Don Ramon and the Filipino family

Don Ramon Revilla may be the archetype of Filipino machismo, having sired more than 50 children by different women. He may have built a legendary movie career and accumulated a sizable fortune as an actor and film producer. He may have tasted political power and gained social stature by winning a seat in the Philippine Senate. But, I am certain, only a few would care to trade places today with the old man, given the heart-breaking domestic problems he is facing.

His 23-year-old son, Ramgen, the eldest of his nine children by Genelyn Magsaysay, a woman several decades younger than him, has been brutally murdered. The prime suspect is another son, RJ, 18, who is now in police custody. A daughter, Ramona, 22, under investigation as a possible accomplice to the crime, has fled to Turkey to escape the charges that are about to be filed against her. The most prominent among his children by his first wife, action star and incumbent Sen. Ramon “Bong” Revilla, has been drawn into this gruesome family affair by the unflattering and resentful remarks made by Genelyn. His promising political career is in danger of being tainted by the controversy.

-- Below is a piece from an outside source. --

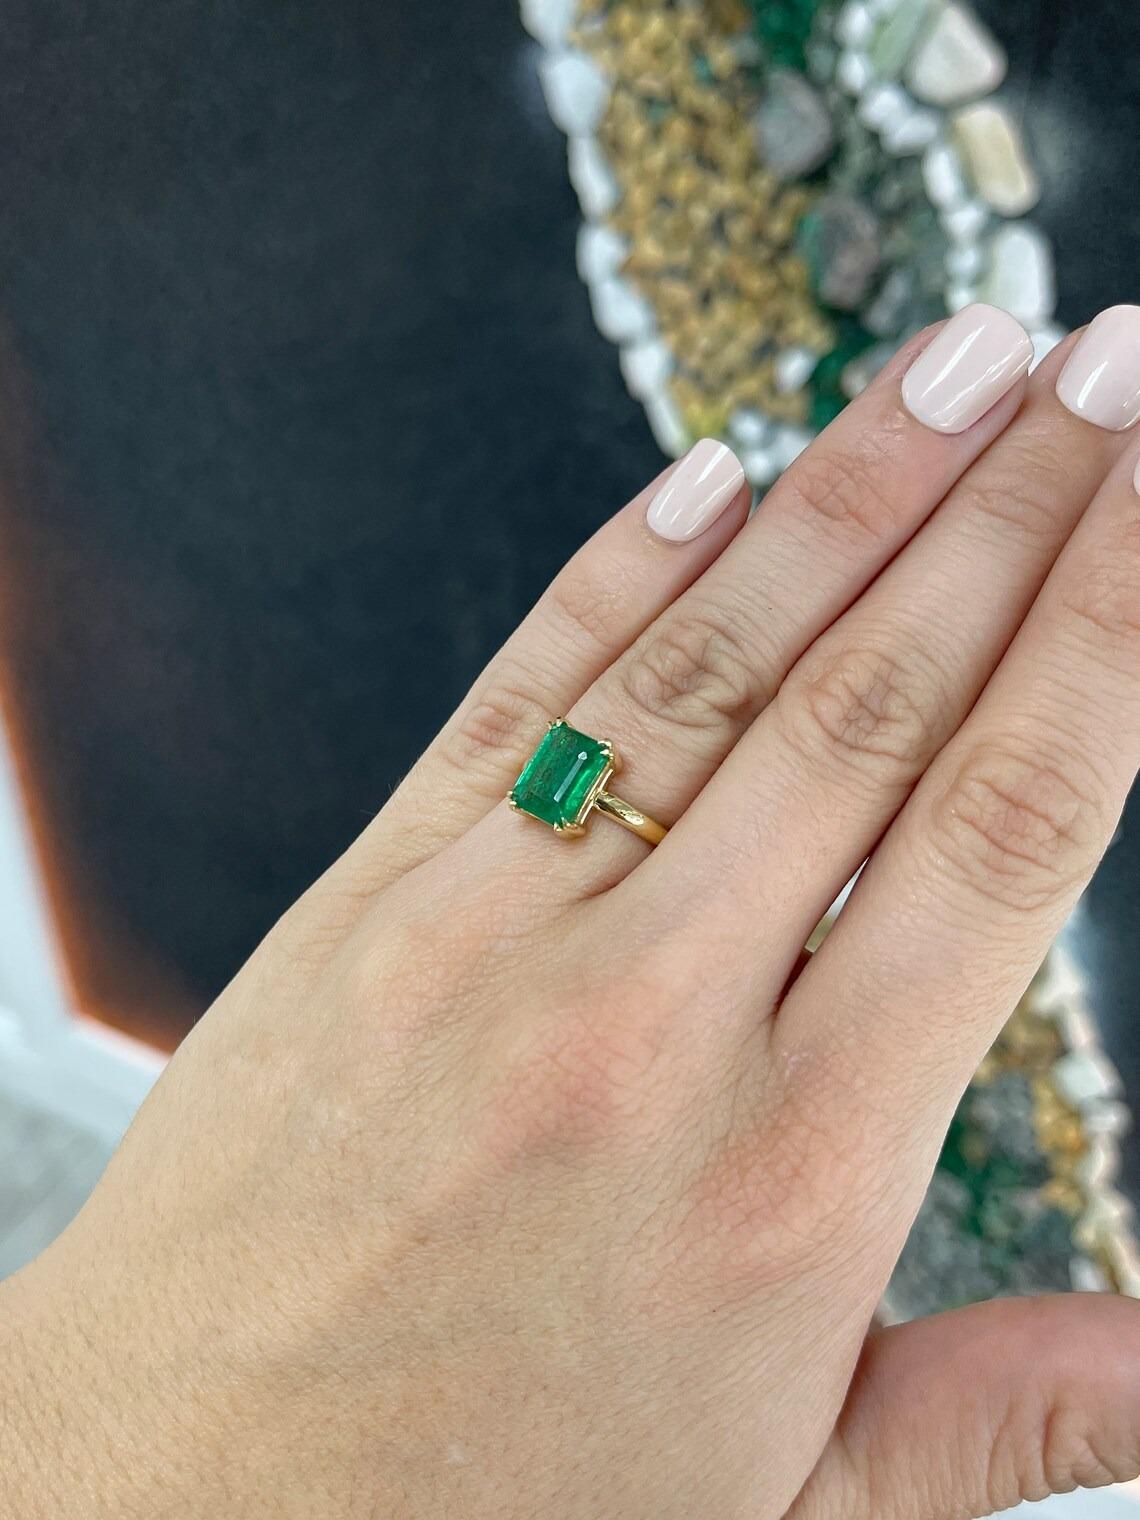 3.05ct AAA Vivid Green Zambian Emerald Cut Emerald Solitaire Prong Set Gold Ring In New Condition For Sale In Jupiter, FL

So fragile is the image of our nation’s public figures that it doesn’t take more than one nasty incident to lift the cover that permits them to conduct their colorful and complex lives in relative privacy. Suddenly, everyone is asking what kind of family life is possible under these conditions, and what kind of values the children acquire while growing up.

One is shocked to read that each one of Don Ramon’s kids by Genelyn receives an allowance of not less than P30,000 a month.  While they have no income of their own, they live in a big mansion in a middle-class subdivision, and have multiple cars and drivers. The mother, Genelyn, who is not much older than her children, gets her own monthly allowance and relies exclusively on the old patriarch she calls “Don Ramon” to foot the household bill.  Herself reportedly the love-child of a former senator, she could well be the governess of an exclusive boarding house for privileged kids. But these are not anybody’s kids. Don Ramon’s children are her children, and she thinks of herself as the matriarch of the mansion he had built for them.

Despite the affluence, or maybe because of it, this heinous crime appears to be rooted in a dispute over money. It is enough to make one think that having so much money may be just as bad for a family as having so little of it.

I am suddenly reminded of the dire circumstances of the young rural couple I have previously written about. Rosalie and Dodoy were dirt-poor, but so long as there was trust and mutual respect between them, the family could draw strength from the shared struggle for survival. But when Dodoy, the husband, reached a point of despair and sought relief in the company of another woman, the wall of trust that kept the family together promptly collapsed, and nothing could bring it back together again. Poverty appears to be the proximate cause, but in reality, it is neither a necessary nor a sufficient condition for the family breakup. In contrast, Don Ramon’s family troubles tell us that one can pour all the money in the world into a family’s needs, and still fail to realize that it takes more than money to make a family functional.

One can assume that Don Ramon, like the macho men of traditional society, treated his children and the woman who gave birth to them in much the same way he regarded his house: as property. He loved them as someone who loved what belonged to him. This type of order works for as long as the patriarch is able to enforce his will over his dominion. But, an aging and sickly Don Ramon would hardly be able to assert his rule over young people who are just beginning to experience the liberties of adulthood.

More than this, something is happening to the Filipino family on its way to modernity. Instead of maturing into an institution that is rich in personal ties, it is weighed down by the preoccupation with material things and by notions of property. This kind of milieu offers little space for the growth of personal commitment among its members.

We don’t know what kind of relationship Genelyn had with Don Ramon. Despite the nine children produced by the relationship (Don Ramon apparently did not marry her after the death of his legal wife), we cannot presume that the kind of intimacy and mutual respect that modern spouses expect of one another ever existed between them. When Genelyn spoke recently to the media about how she tried to be both mother and father to her nine children, she could barely conceal her disdain for an absentee father who, for all his generosity, could not supply the steady guidance and parental love that she felt her growing children needed. Though she seems like a willful person in her own right, it is doubtful that she wielded the same authority over her children as Don Ramon.

This is not so different from the situation that many families of overseas Filipino workers confront today. The children grow up very fast without much parental guidance, except that which is managed through e-mail and text messages. The parents compensate for their absence by sending home, on top of the remittances, a steady flow of balikbayan boxes filled with all the aspirational markers of the good life: clothes, shoes, bags, electronic gadgets and appliances, etc. A semblance of family ties is maintained in this manner, but, without anyone being conscious of it, the family sheds off one of its most basic functions: the formation of children into responsible human beings.